Outputs feature effect curve into the specified output file. Output file name is composed as f.o.effect.txt, where "f" and "o" are values of the correspondent arguments.

vis_iplot -v _validation_set_ -r _attr_file_ -f1 _feature1_ -f2 _feature2_ [-q1 _#quantile_values1_] [-q2 _#quantile_values2_] [-m _model_file_name] [-o _output_file_name_] [-x _fixed_values_file_name] | -version

O	argument	description	default value
-v	_validation_set_	validation set file name
-r	_attr_file_	attribute file name
-f1	_feature1_	first feature of interest name
-f2	_feature2_	second feature of interest name
-q1	_#quantile_values1_	number of values to estimate for the first feature	10
-q2	_#quantile_values2_	number of values to estimate for the second feature	10
-m	_model_file_name_	model file name	model.bin
-o	_output_file_name_	interaction (joint effect) file name	<_feature1_>. <_feature2_> .iplot.txt
-x	_fixed_values_file_name_	fixed attributes-values file name	no fixed value attributes

Output:

Outputs joint effect matrix into the specified output file.
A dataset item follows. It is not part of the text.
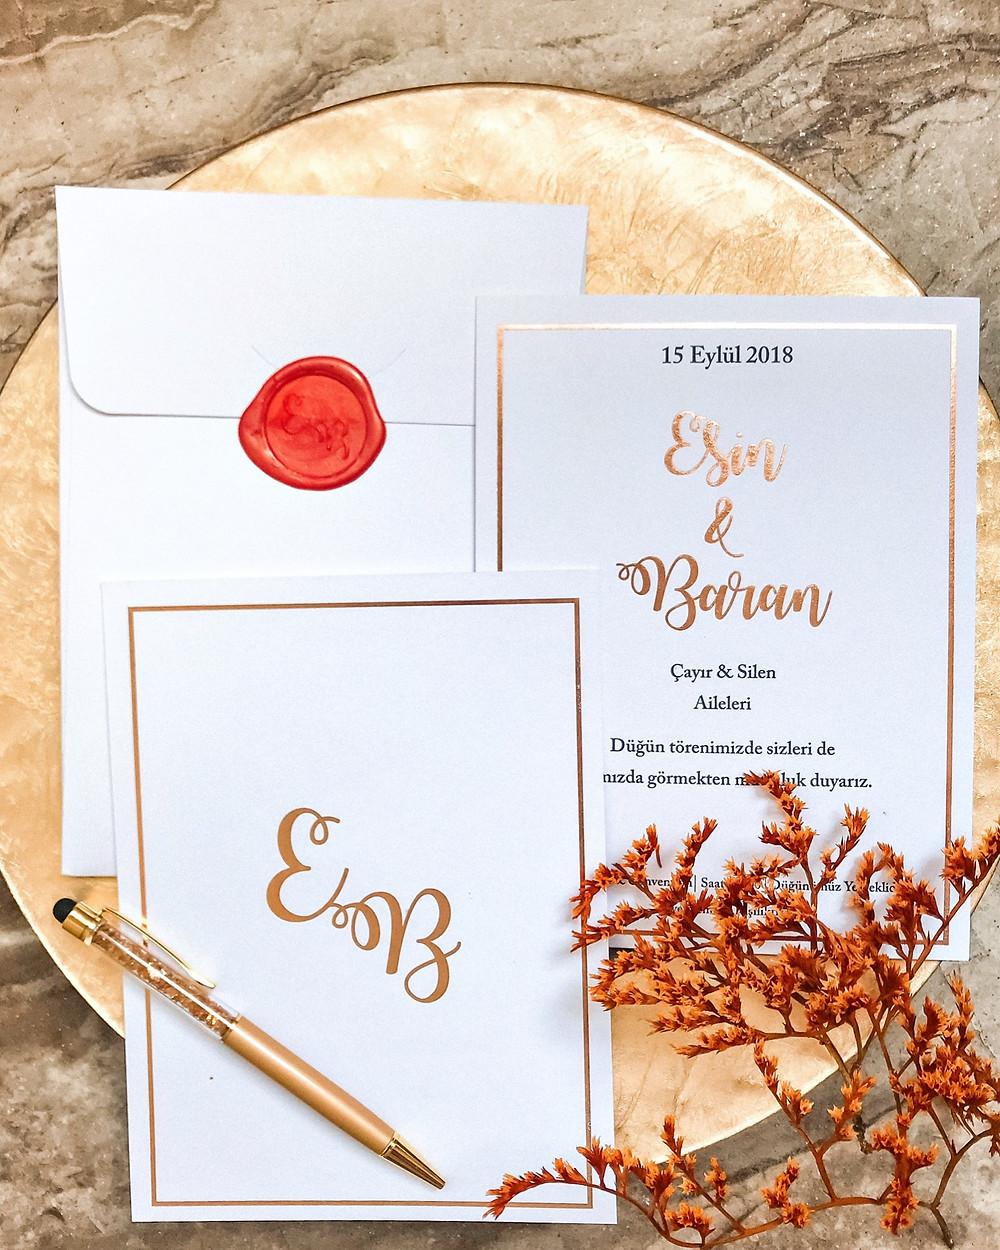 düğün davetiyesi şık tasarım

Output file name is composed as f1.f2.o.iplot.txt, where "f1", "f2" and "o" are values of the correspondent arguments.
Outputs joint density matrix into a separate density file. The name of the density file is the name of the output file with the suffix ".dens" before the last extension.

vis_correlations -t _training_set_ -r _attr_file_ | -version

O	argument	description	default value
-t	_training_set_	input data set file name
-r	_attr_file_	attribute file name

Outputs Spearman's correlations between all pairs of active attributes into file correlations.txt.